By Andrea Cullen
March 13th 2014
This sweet potato and spinach soup is lovely; which is a good thing as many people and kiddies and husbands and partners have an issue with a green coloured soup approaching it with a large degree of scepticism. Trust me it is worth a shot and if you like; adding a nice dollop of crème fraiche or creamy coconut milk mellows it down and adds a splurge of indulgence.
It is important to get in your greens; your Granny wasn’t just saying it for the heck of it. Green leafy vegetables contain lots of magnesium, vitamin K, plant based antioxidants such as beta-carotene and lutein, potassium, iron, calcium, vitamin C and small amounts of omega 3 fats to name but a few.
In a nutshell we should be eating leafy greens of some description every day.
I adopted this recipe from the ‘Cornucopia at Home; The Cookbook’; this is a wonderful book containing a collection of recipes from Dublin’s Cornucopia Restaurant.
The book is vegetarian; which ties in completely with my philosophy of marrying the strengths of the vegetarian way to the nutritionally complementary benefits of organic ethically reared meats and fish.
I wanted to reduce the fat content of the original cream of potato & spinach soup and switched the regular potatoes for sweet potatoes; I also didn’t have sufficient sweet potatoes to hand so the quantities got tweaked. The result rocked.

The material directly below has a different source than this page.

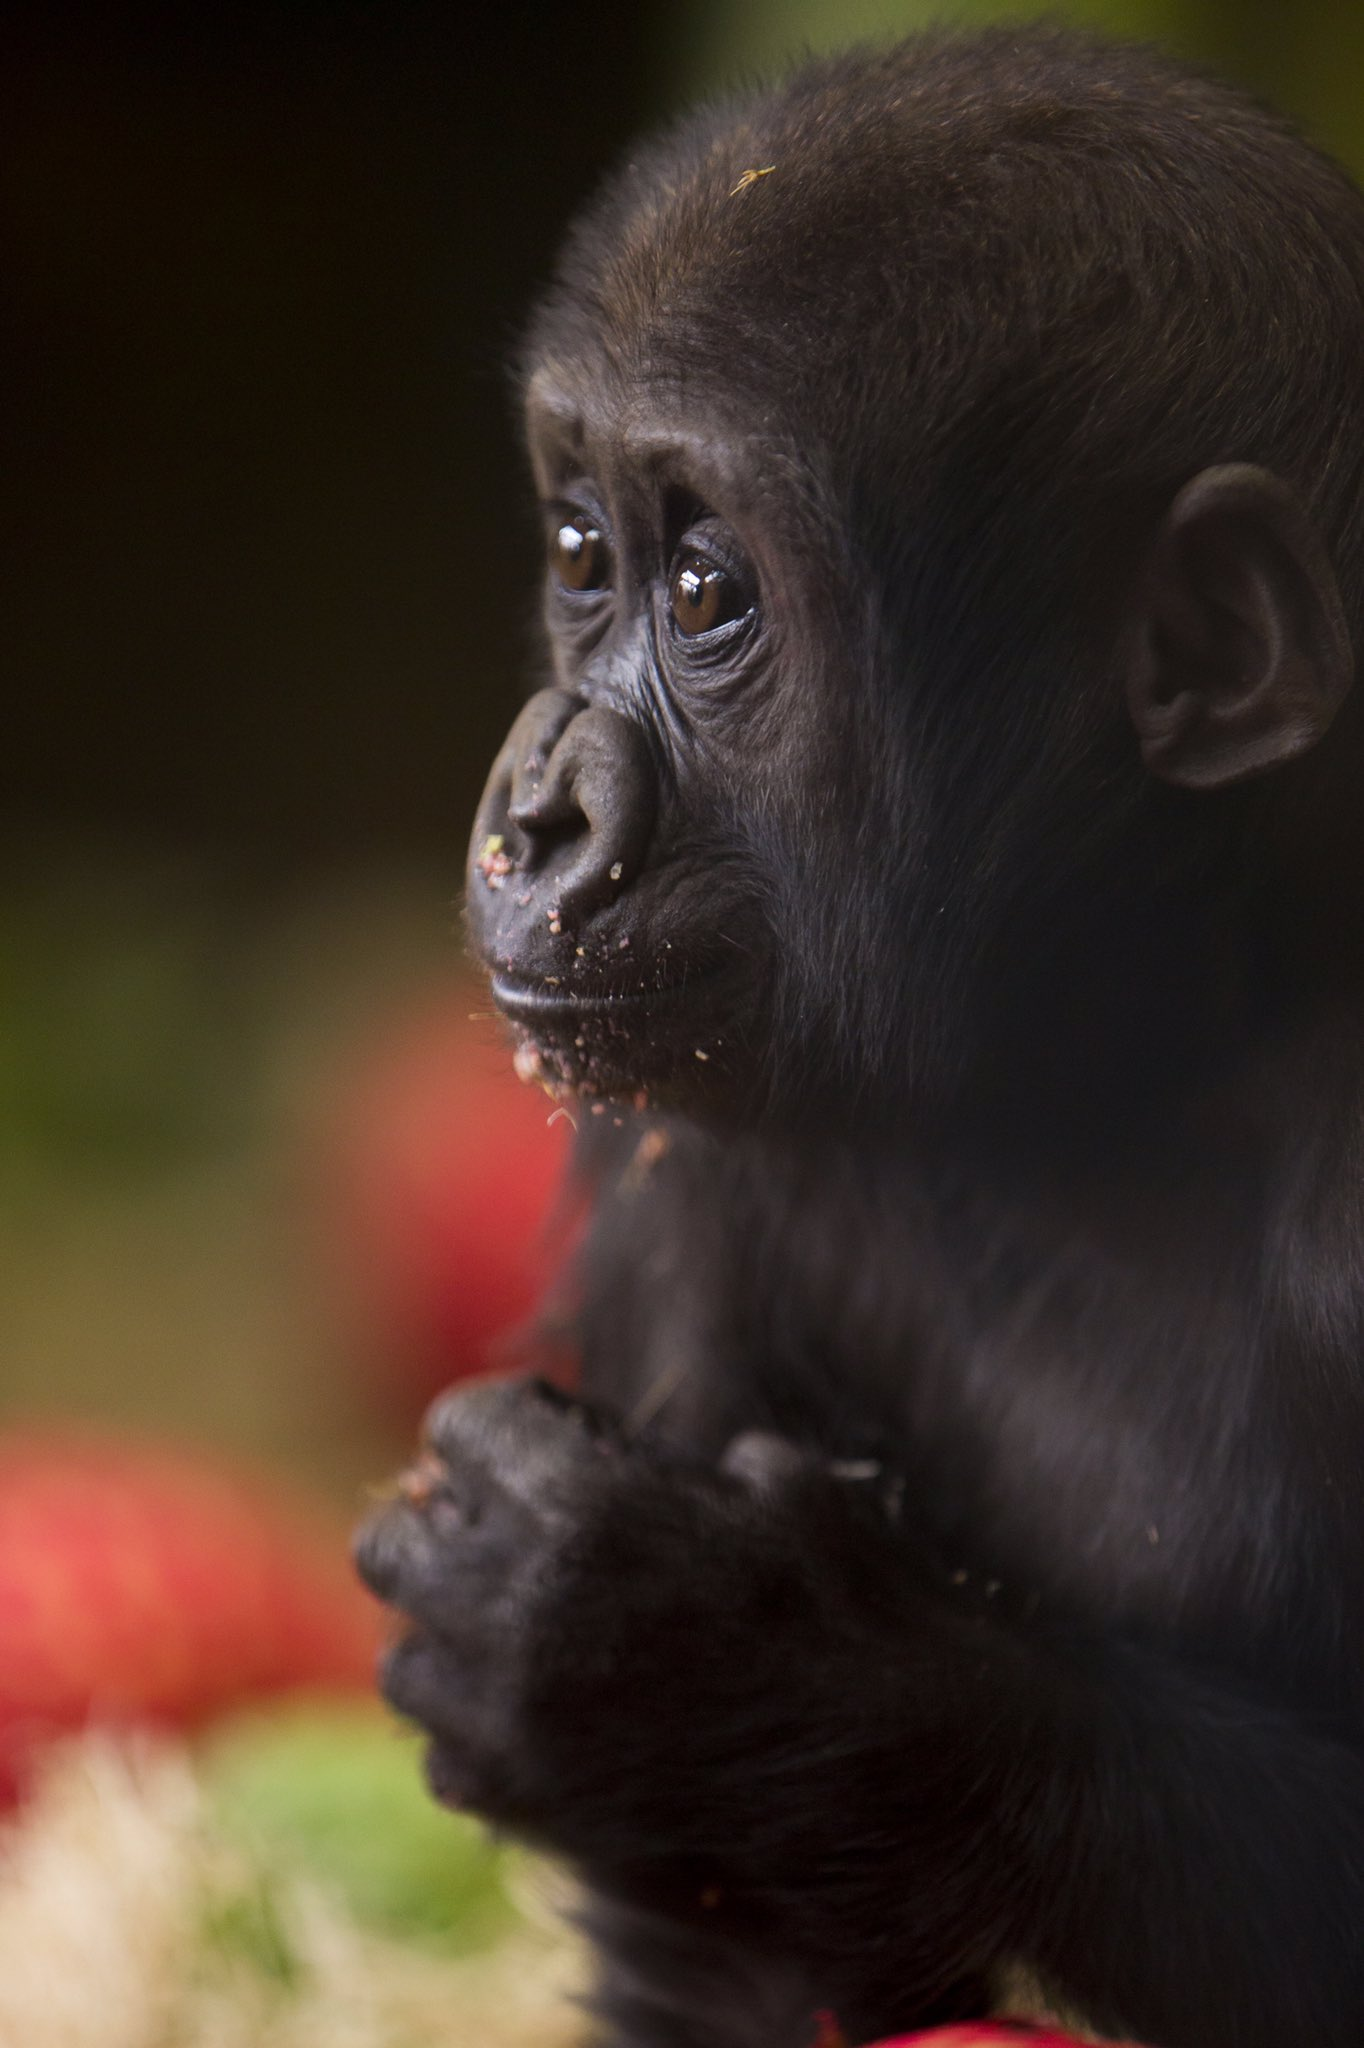 .@MemphisZoo we raise you a #CuteAnimalTweetOff of an endangered lowland gorilla infant enjoying some snacks. https://t.co/YzwpbXHXvP

Soup is a very adaptable meal and so feel free to play around with my own recipe suggestion.
Sweet potato & spinach soup ingredients:
- 1 onion – I always use red onions for the antioxidants contained in the red pigment
- 1 carrot
- 2 sticks of celery
- 1/2 large leek or 1 small leek
- 2 cloves of garlic or more
- Extra virgin olive oil or coconut butter or a blend of extra virgin olive oil and real Irish butter
- 1 ½ to 2 sweet potatoes
- 400g approximately organic baby leaf spinach (I didn’t have quite enough myself and the recipe still worked superbly)
- A good dash of grated nutmeg
- Sea salt and black pepper
- Fresh bone stock or stock made from gluten-free MSG-free stock cubes – approx 1 ½ litres or less depending on how thick you would like the soup I always have bone stock in the freezer ready to hand for making soups.
- Optional thickening using cornflour or my preference potato flour
- If I was someone suffering with inflammation problems or an athletic injury I would consider adding a strong dash of ground or fresh turmeric for healing benefits – for example 1 to 2 tablespoons.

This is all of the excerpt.